Дескать, раньше водка стоила о, а теперь - ого-го-о-о!
Связной возник будто из ничего; вывернул из-за ларька, мгновенно
сориентировался, на миг замедлился перед окошком и прямиком направился к
Максу.
- Друг! - сказал он проникновенно. - Рыбца не желаешь?
И извлек из пакетика сушеную рыбину. Тетка с уродцами в руках
забеспокоилась и попыталась протестовать:
- Эй, ты! Здесь только я торгую!
Связной - пятнистый пойнтер с висячими ушами - благодушно отмахнулся:
- Я не торгую! Я меняюсь!
- На что? - с некоторой насмешливостью в голосе поинтересовался Макс.
Рыбец у пойнтера был правильный: юконский лосось, на этом континенте такого
при все желании не выловишь.
- Да все на нее же! - делано вздохнул пойнтер. - На влагу живительную!
- То есть, - подытожил Макс, - я беру еще пивка, и мы с тобой на пару
давим этого леща?
- Именно! - просиял пойнтер. - Вы на редкость догадливы, молодой
человек!
- Идет! - ухмыльнулся Макс, одним махом опорожнил свой бокал и мигом
принес еще четыре. Пойнтер тем временем расстелил на столе газету - опять
правильную. Не "Нью-Йорк Таймс", конечно, это было бы слишком, а
красноярскую "Сибирь", причем Макс ясно рассмотрел заголовок одной из статей
- "Не валяй дурака, Америка!". Ключевое слово присутствовало. Девяносто
девять процентов, что это действительно связной.
- Макс, - представился Макс и протянул руку.
- Алексей Семенович, - склонил голову пойнтер и светским жестом подал
руку. Папиллятор на браслете коротко кольнул Макса в запястье. И точно такой
же браслет на секунду выглянул из-под обшлага легкой летней куртки пойнтера.

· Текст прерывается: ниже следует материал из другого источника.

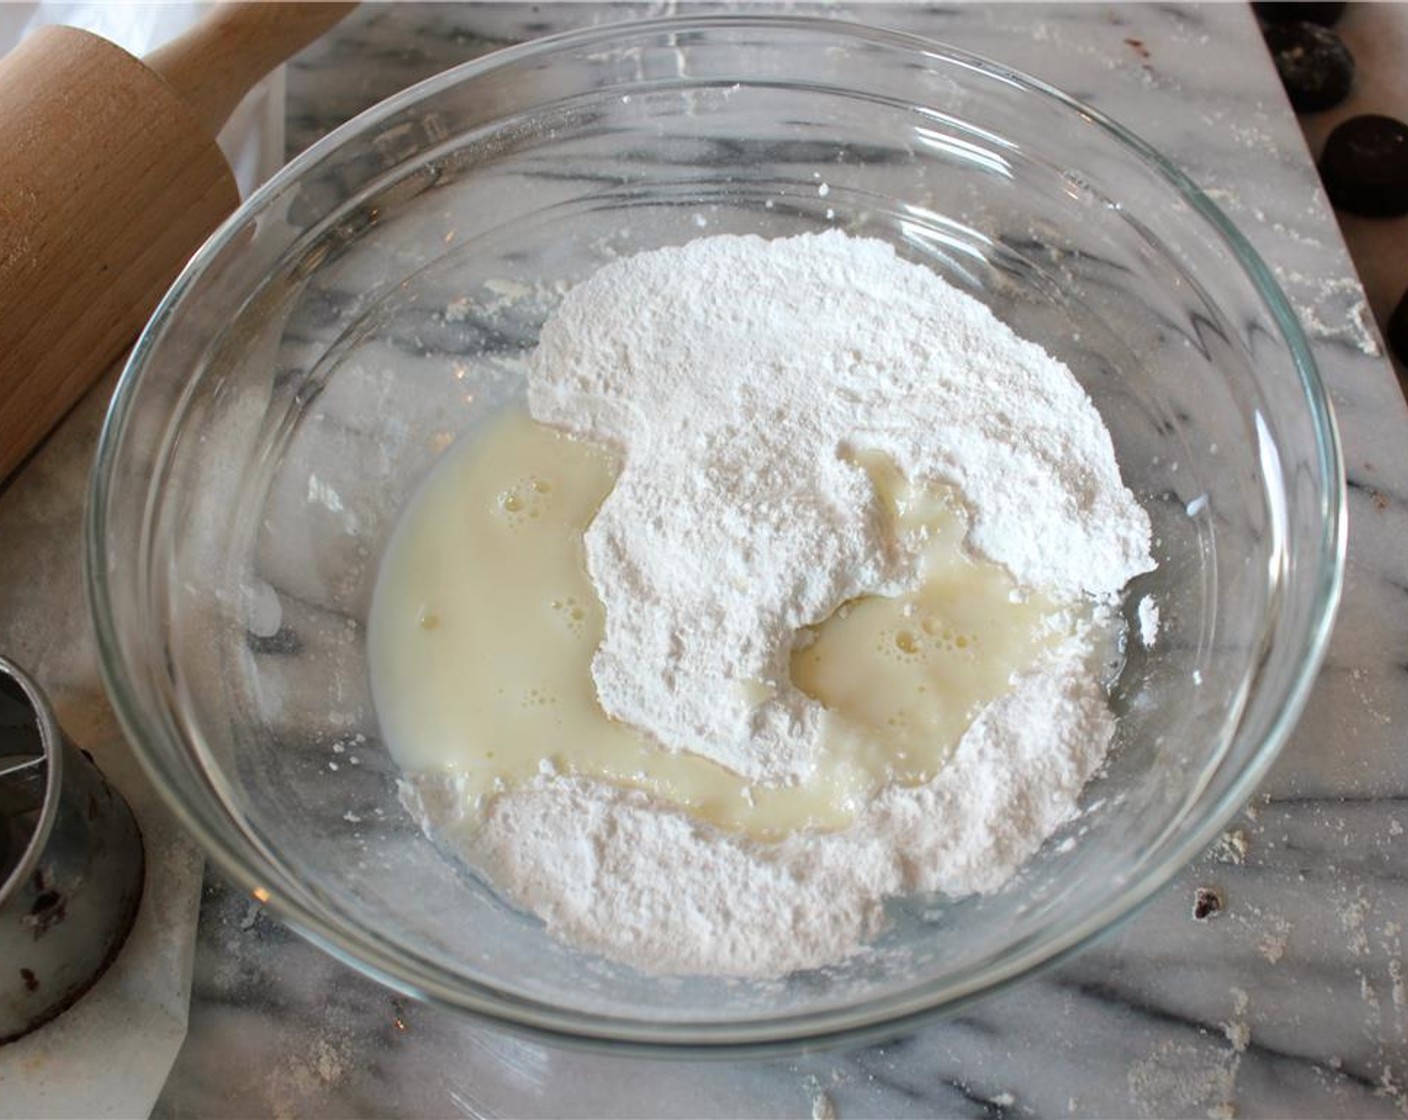 step 12 While muffins are baking, make the glaze by mixing Powdered Confectioners Sugar (1 cup), Milk (2 Tbsp), Butter (1/2 Tbsp) Vanilla Extract (1/4 tsp), and Salt (1/2 tsp).

У Макса испарились последние сомнения.
- Итак, молодой человек! Приступим. Такую рыбу редко кому приходится
едать, а уж без пива это делать совершенно не стоит! Право же, не стоит,
поверьте мне, старому пьянице!
Он взялся за лосося. Тетка глядела на свежесложившийся питейный дуэт с
плохо скрываемой ненавистью.
Лосось оказался великолепным. Некоторое время кроме сей почтенной
рыбины Макс был занят только одним - незаметно поглядывал кругом, не пасет
ли их кто-нибудь. Овчары-экипажники уже ушли, компания лаек переключилась на
обсуждение футбольного матча, и даже тетка с сушеными чудовищами немного
подобрела, потому что к ларьку забрел с престарелой канистрой какой-то
молодняк и одно чудовище тетка молодняку все же всучила за пару монеток.
Потом, когда бокалы опустели а от лосося осталась только голова, чешуя
да кости, пойнтер аккуратно завернул об®едки в газету и выбросил в ящик.
Макс с сожалением принял нейтрализатор - после пива накатила легкая эйфория,
когда кажется, что ты хозяин всего мира и горы можешь свернуть, когда ничего
не страшно и все по плечу.
Только абсолютно трезвые люди способны понять, что это не более чем
заблуждение.
Разговор состоялся на одинокой лавочке посреди старых-престарых сосен,
толстенных, как опоры Стэдфордского моста. Пойнтер тоже глотнул что-то -
видно разгонять алкогольную эйфорию и он считал очень важным.
- Итак, молодой человек, - начал пойнтер совсем другим голосом, - имею
вам сообщить следующее. На сегодняшний день нашими главными и основными
конкурентами являются только прибалты. По косвенным данным, их агенты уже в
городе, но это агенты не научной, а регулярной внешней разведки. Их, скорее
всего, двое.
Все это Макс знал и так. Но, тем не менее, слушал очень внимательно.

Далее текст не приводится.